We shall give an informal sketch using the concept of parse-trees. A complete formal proof of the lemma can be found in Appendix A. For any $u, v$, we have that $[u: v]$ is the sum of all $v$-snipped parse-trees rooted at $u$. For any parse-tree, since $|\operatorname{Var}(u)| \geq m$ and $|\operatorname{Var}(v)|<m$ and $\operatorname{Var}(\cdot)$ is a monotonically non-increasing function as we move towards the leaves, there must be a unique edge $(w, z) \in \mathcal{F}_{m, v}^{\times} \cup \mathcal{F}_{m, v}^{+}$on its right-most path such that $|\operatorname{Var}(w)| \geq m$ and $|\operatorname{Var}(z)|<m$.

If $(w, z) \in \mathcal{F}_{m, v}^{\times}$, then $w=w_{L} \times z$ is a multiplication gate. Therefore, the sum of the values of all $v$-snipped parse-trees with $w$ (and hence the edge $(w, z)$ ) on its rightmost path is exactly $[u: w][w: v]=[u: w]\left[w_{L}\right][z: v]$.

If $(w, z) \in \mathcal{F}_{m, v}^{+}$, then $w=w_{1}+z$ is an addition gate. Then, $[u: w] \cdot[w: v]$ is the sum of all $v$-snipped parse-trees with $w$ on its rightmost path and $[u: w][w: v]=[u: w]\left[w_{1}\right.$ : $v]+[u: w][z: v]$. Each $v$-snipped parse-tree with $w$ on its rightmost path either has $\left(w, w_{1}\right)$ on the rightmost path or $(w, z)$. The term $[u: w]\left[w_{1}: v\right]$ is precisely the sum of the values of such $^{4}$ parse-trees with $\left(w, w_{1}\right)$ on its rightmost path, and $[u: w][z: v]$ is precisely the sum of the values of those parse-trees with $(w, z)$ on its rightmost path.

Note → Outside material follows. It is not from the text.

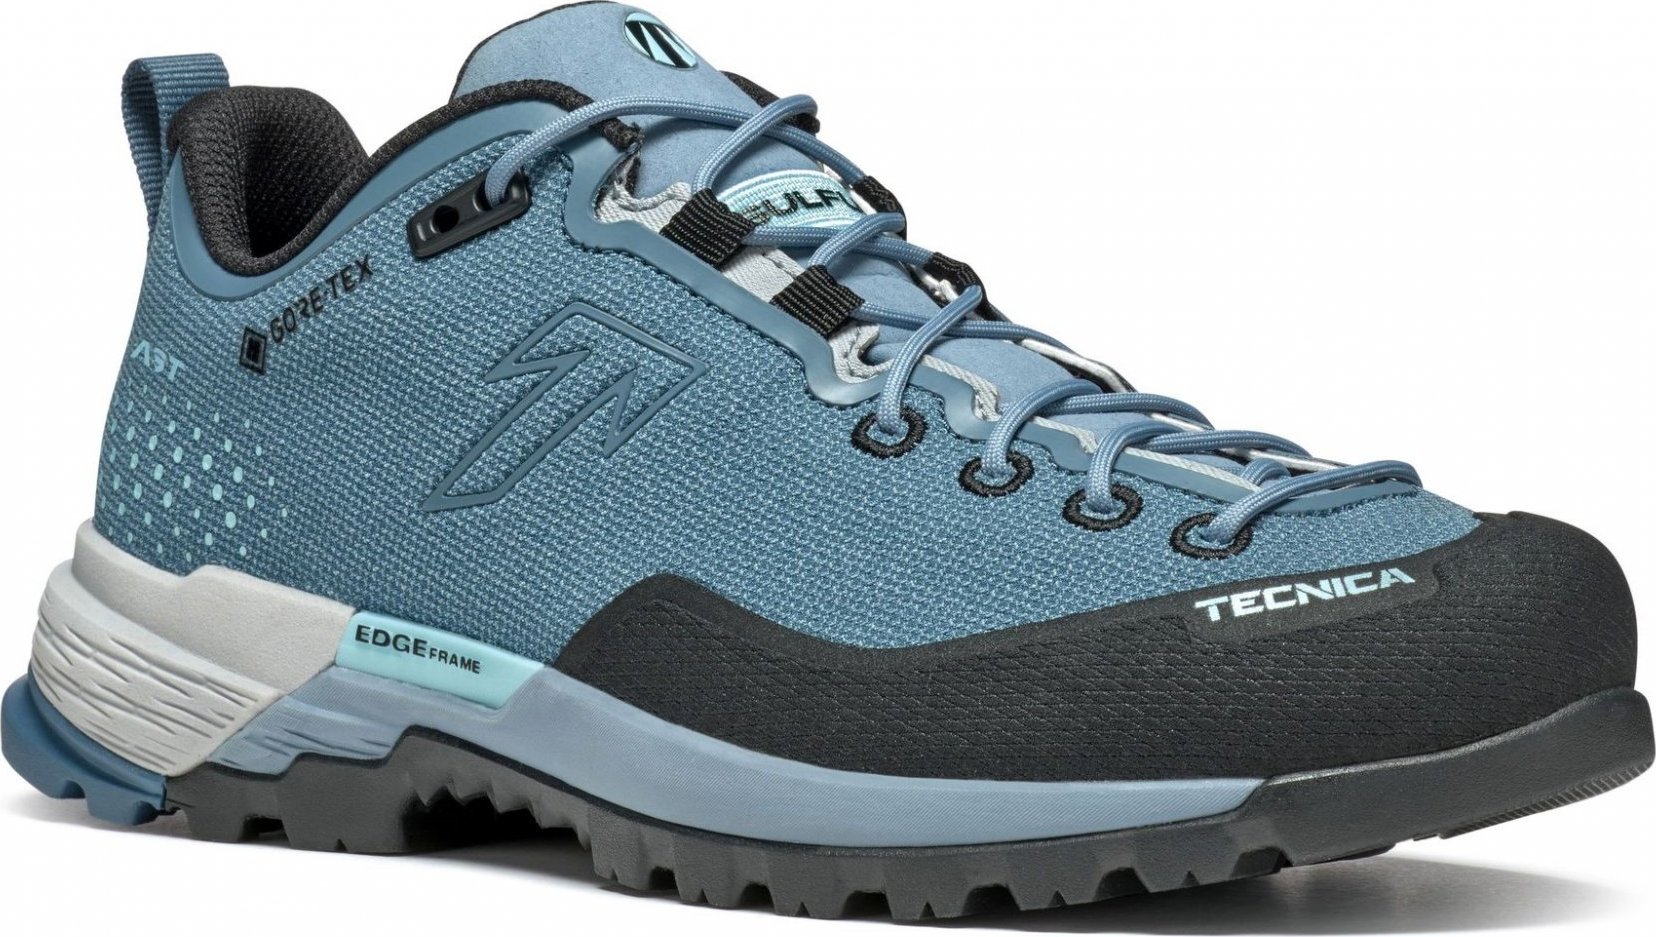 Dámské trekové boty TECNICA Sulfur S GTX Ws, 001 progressive blue/soft grey Velikost: 42

[^1]Since the rightmost path of any $v$-snipped parse-tree rooted at $u$ has a unique edge $(w, z) \in \mathcal{F}_{m, v}^{\times} \cup \mathcal{F}_{m, v}^{+}$, summing over all such potential edges gives

$$
[u: v]=\sum_{(w, z) \in \mathcal{F}_{m, v}^{\times}}[u: w] \cdot\left[w_{L}\right] \cdot[z: v]+\sum_{(w, z) \in \mathcal{F}_{m, v}^{+}}[u: w] \cdot[z: v] .
$$

## 5 Balancing syntactically multilinear circuits

In this section, we prove the following theorem.

- Theorem 20. Suppose $C$ is an algebraic circuit of size $s$. Then, there is a circuit $C^{\prime}$ of size poly(s) computing the same polynomial with the following structural properties.
- all addition gates in $C^{\prime}$ have fan-in $O\left(s^{4}\right)$,
- all multiplication gates in $C^{\prime}$ have fan-in at most 5 ,
- for any multiplication gate $g \in C^{\prime}$, any child $h$ of $g$ satisfies $|\operatorname{Var}(h)| \leq|\operatorname{Var}(g)| / 2$.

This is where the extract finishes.